With WorkVision, we wanted to make workflow validation smoother by enabling SMEs to comprehend the existing EMR’s state and then give feedback on an IC’s proposed optimization suggestions. In the long run, a smoother, more accurate workflow that incorporates physician perspective can reduce physician burnout and thereby improve patient outcomes.

Our Prototype

An implementation consultant’s view of WorkVision

WorkVision, at a high level, is a web-based workflow visualization tool that enables ICs to create and receive feedback on workflows in a single space.

Features of WorkVision

Import notes to automatically generate workflow components: We learned that an IC generally documents workflow requirements in Excel and Word Documents. Much of this information has to be translated into flowcharts.

Import work from Excel

Drag and drop components: To further reduce the strain of creating workflows, ICs can use the component library to drag and drop content into the main work area.

Drag and Drop components

Commenting: Currently, feedback on workflows are presented to the greater project team, let alone others who might play a role in the EMR implementation process. We wanted a historical view of the collaboration and ideas that feeds into workflow design.

“Complete progress note” component is selected and has two comments, which is reflected where it says “Notes.”

Documentation of versioning: Similar to the feature above, we found that there are no methods for ICs and SMEs to view versions of a workflow. We wanted to make versioning and access more transparent to foster a greater sense of accountability.

Workflow Estimator: With current technology, it is possible to capture EMR usage data. Our intention is to provide relevant information captured by this data and highlight optimal paths clinical providers can take to reduce time spent in the EMR.

Sharing at scale: It is hard to get feedback in person or remotely. This feature allows ICs to easily share workflows to anyone quickly and easily.

Targeted commenting: Stakeholders can give feedback easily by creating hotspots anywhere on the screen.

EMR previews: SMEs at present cannot mentally process workflows by just looking at a flowchart. This allows SMEs to better engage and comprehend workflows.

Validating Concepts through User Testing

Thus far, we’ve tested with 9 people.
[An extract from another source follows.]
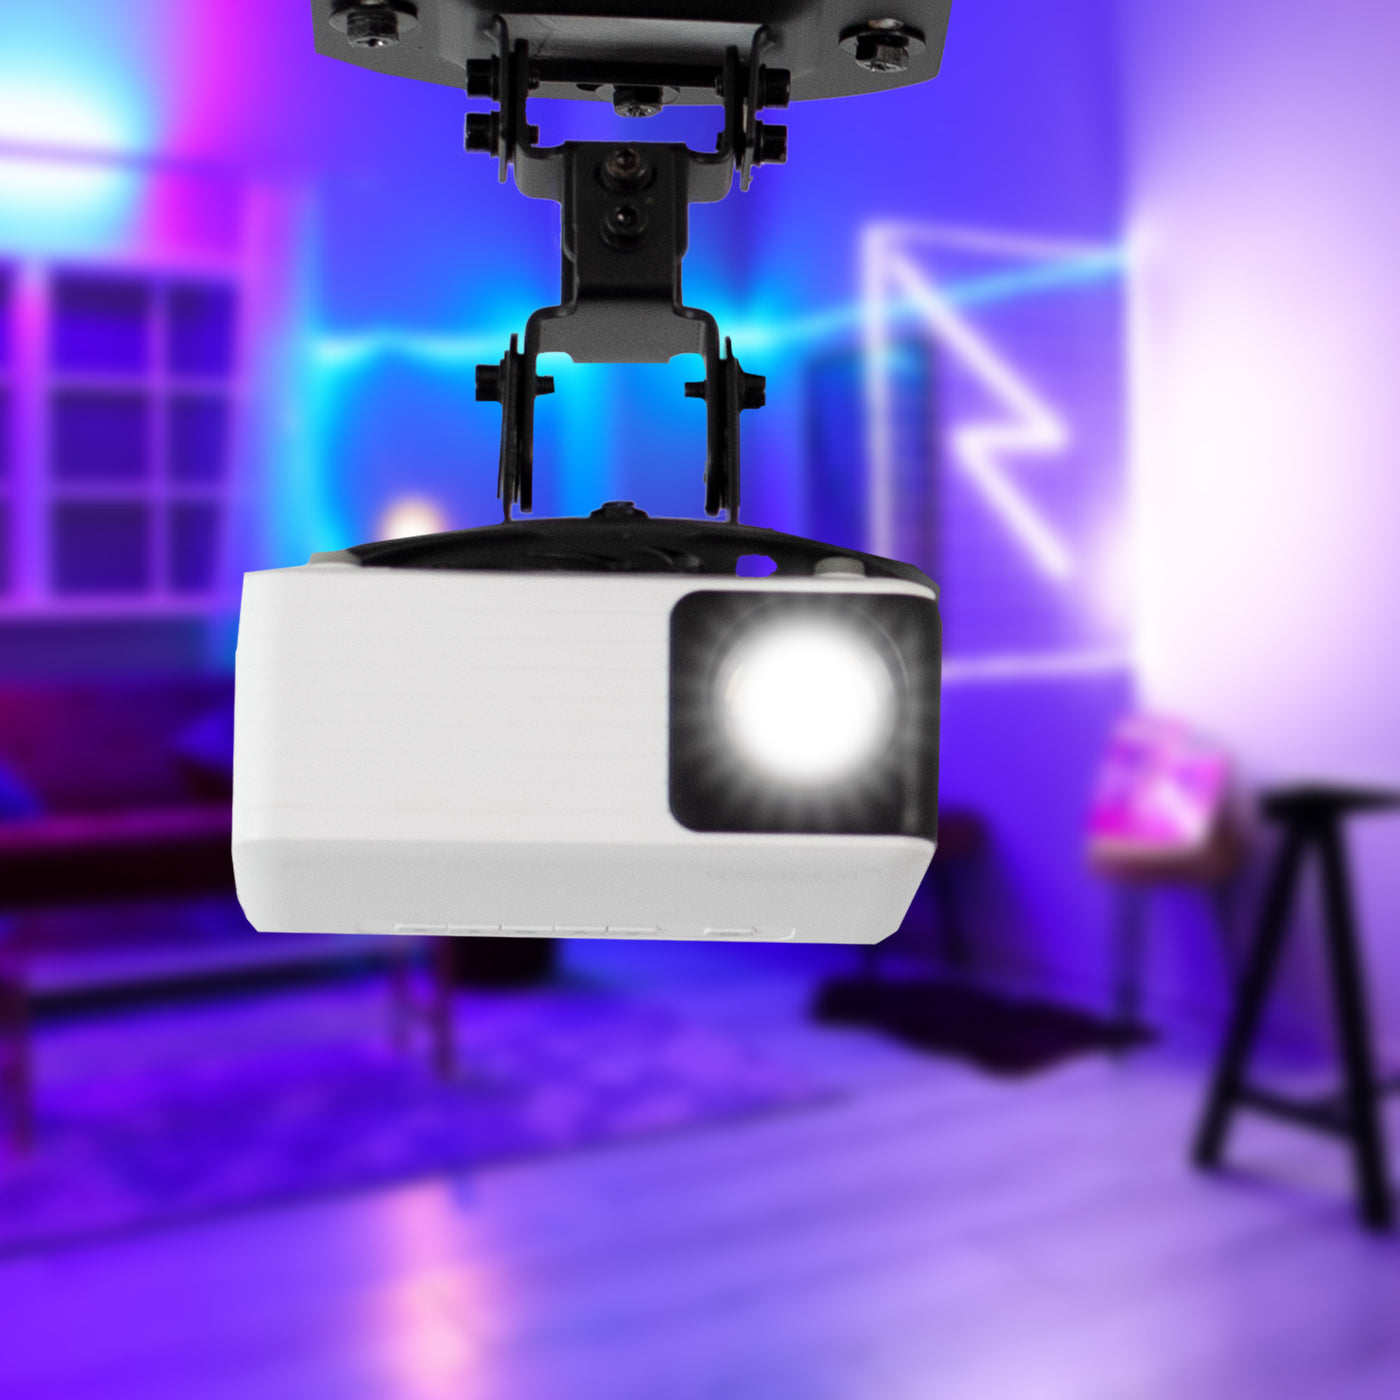 Modern studio with a ceiling projector mount.

We were keen on targeting implementation consultants as well as doctors and medical directors because we need individuals who have had direct experience with EMRs and are fluent with the concept of workflows.

We’ve had a handful of reactions, all of which we’re transposing into a spreadsheets and user stories for the sake of quantifying qualitative reactions.

“This would help me do my job faster.” Implementation consultants were obviously the most excited few since WorkVision was made for them. Though we learned that Visio was standard for most ICs, we also learned that many revert to Powerpoint or still heavily rely on PDFs due to the inability to share and document feedback within Visio itself.

“Flowchart diagrams probably won’t resonate with clinicians.” Our client and doctors both cautioned our team to consider the clinicians even more. WorkVision works in favor of the project manager or the IC; however, the end goal is to work more closely with clinical providers.

“Tracking versions and comments is by far the best thing I see here.” Regardless of user interests, almost every session appreciated and thought versioning and tracking feedback would strengthen workflow validation processes.

What’s up ahead

Following user testing, we realized that WorkVision may not be the solution that can provide a better space for collaboration between physicians and implementation consultants to improve workflow validation.

Sketching and ideating are still team priorities as we’ve already gone through two additional design sprints parallel to our user testing sessions. User testing has made clear to us that ideas and designs are always imperfect, and that there’s always room to continue experimenting and creating.